Virilisme, domination, avilissement : ce que la pornographie dit du sexe [Questionner le porno #1]

Nous avons une admirable capacité à jouer les autruches quand il s’agit de sexualité. Nous savons que de jeunes adolescents consomment de plus en plus massivement la pornographie en ligne (au risque d’être choqués par ce qu’ils voient), mais on s’inquiète de voir 50 nuances de Grey seulement déconseillé aux moins de 12 ans. On adore croire que les plus jeunes sont parfaitement ignorants en matière de sexe, purs et innocents comme de petits agneaux qui viennent de naître.

Saviez vous qu’en six ans, l’humanité avait regardé l’équivalent de 1,2 millions d’années de vidéo pornographique ?

Nous sommes nombreu.ses.x à consommer de la pornographie, et rares à oser en parler. Il est plutôt confortable de faire comme elle n’existait pas, comme s’il s’agissait d’un monde obscur, séparé du reste de nos productions culturelles – et destiné à une petite minorité de frustrés. Pourtant, son influence est considérable, et si nous peinons souvent à l’identifier, c’est justement que les représentations du porno nous sont familières.

Je vous propose donc de réfléchir à la pornographie comme un objet culturel parmi d’autres. Elle énonce implicitement sa propre définition de ce qu’est le sexe. En effet, elle se présente comme la représentation filmée de la sexualité, destinée à montrer tout ce qui pourrait apparaître comme excitant. Le porno ne met pourtant en scène qu’une seule forme de rapports sexuels, basés sur la domination et une relative violence. Ce faisant, la pornographie tend donc à renforcer des représentations sexistes de la sexualité, que l’on retrouve ensuite dans les discours dominants comme dans le reste des productions culturelles.

Pour rédiger cet article, je me suis appuyée sur un documentaire d’Ovidie, réalisatrice féministe de films pornographiques, ainsi que sur une de ses interviews, mais aussi sur le travail d’universitaires spécialistes de la question, et d’une série d’articles journalistiques. Vous trouverez toutes mes sources en fin d’article.

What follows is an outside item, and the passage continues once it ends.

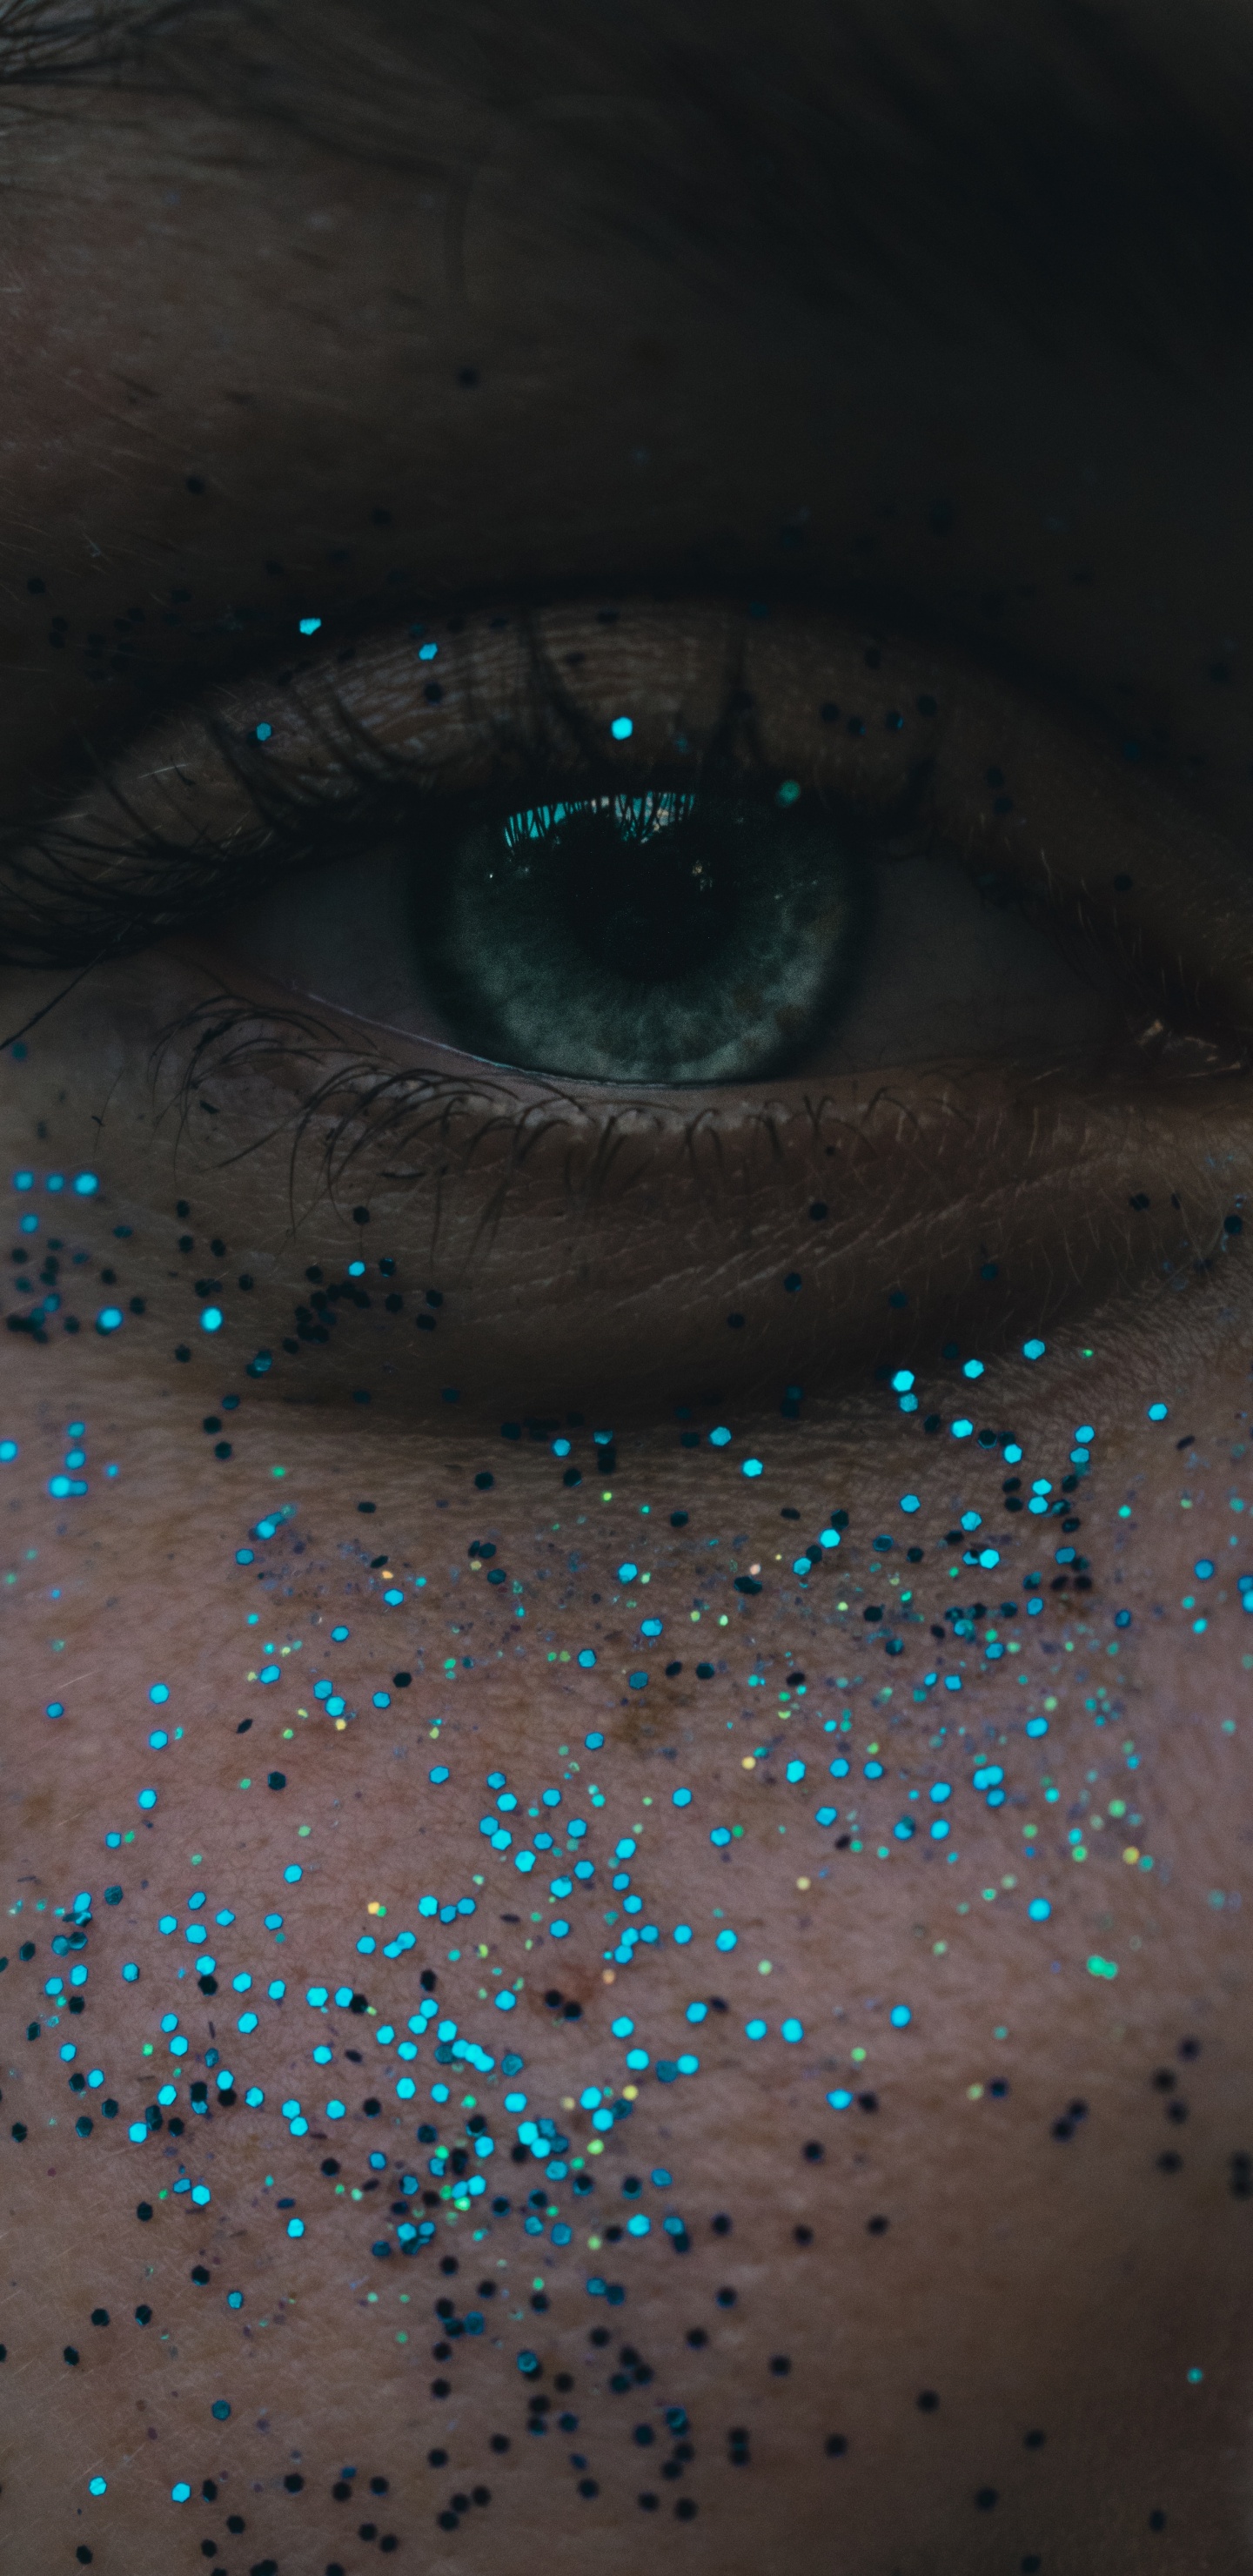 Persons Eye With Blue Eyes. Wallpaper in 1440x2960 Resolution
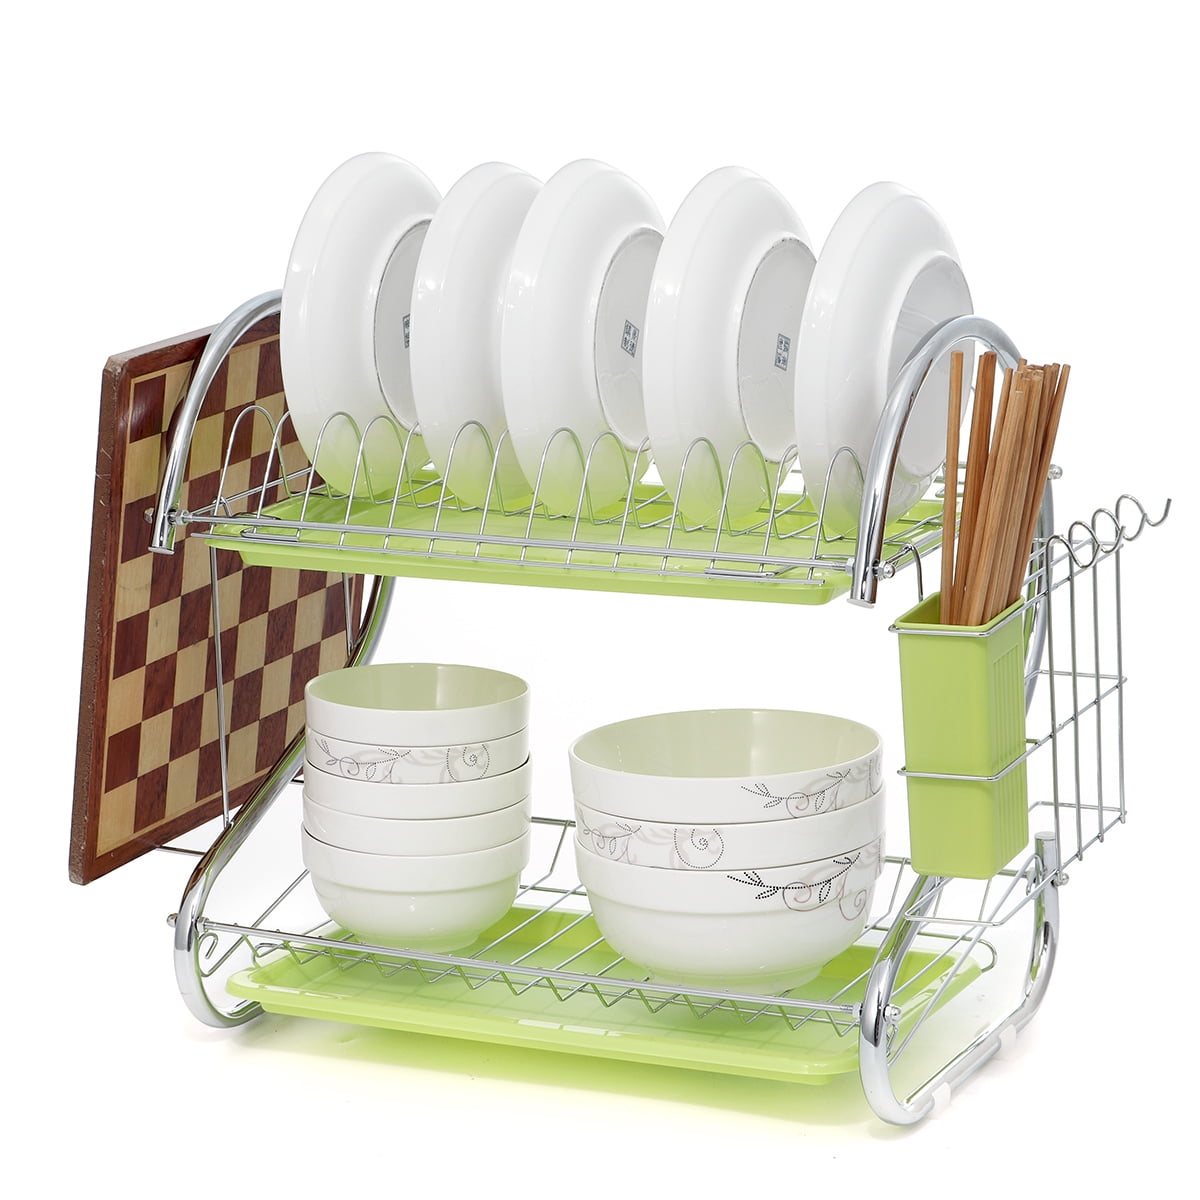 FVSA Over The Sink Dish Drying Rack, 2-Tier Large Dish Racks for

Mes sources traitent de la pornographie maintstream : l’on restera sur une perspective hétérosexuelle, et cisgenre. Il y aurait pourtant beaucoup à dire des représentations de l’homosexualité et de la transidentité, qui sont paradoxalement bien plus visibles dans le porno que dans tout le reste de nos productions culturelles.

pornographie-sexisme

Une pratique qui se veut dégradante : le sexe sans sentiments et sans respect

Ce qui apparaît au premier abord, c’est le statut singulier des « personnages » des vidéos pornographiques. La plupart du temps, ils échangent très peu de mots, on ne leur suppose aucun trait de personnalité, et l’acte ne s’inscrit dans aucun contexte, de telle sorte que ce sont plus des corps mis en action que des personnes qui couchent ensemble.

On braque une lumière crue sur les sexes filmés en gros plans, mais on ne montre jamais des gestes basiques, que ce soient des baisers ou des caresses. Pour libérer le champ à la caméra, les corps ne se touchent qu’à l’emplacement de la pénétration, on fait l’amour sans les mains, pour reprendre les mots de Ran Gavrieli.

A cela s’ajoute le choix des actes sexuels filmés, qui sont de plus en plus extrêmes depuis les années 90 : on peut parler d’escalade des pratiques, reposant sur une iconographie « ultra-génitale » et « ultra-violente », où l’on peut maintenant enchaîner pénétration vaginale, sodomie, triple pénétration, fist fucking, voire scatologie…

Cela entretien l’idée que le sexe est dégradant-mais uniquement pour les femmes. Elles sont l’objet de pratiques violentes et d’un mépris explicite, il ne s’agit pas de partager quelque chose avec elles, mais de satisfaire un besoin à leurs dépends : on les consomme.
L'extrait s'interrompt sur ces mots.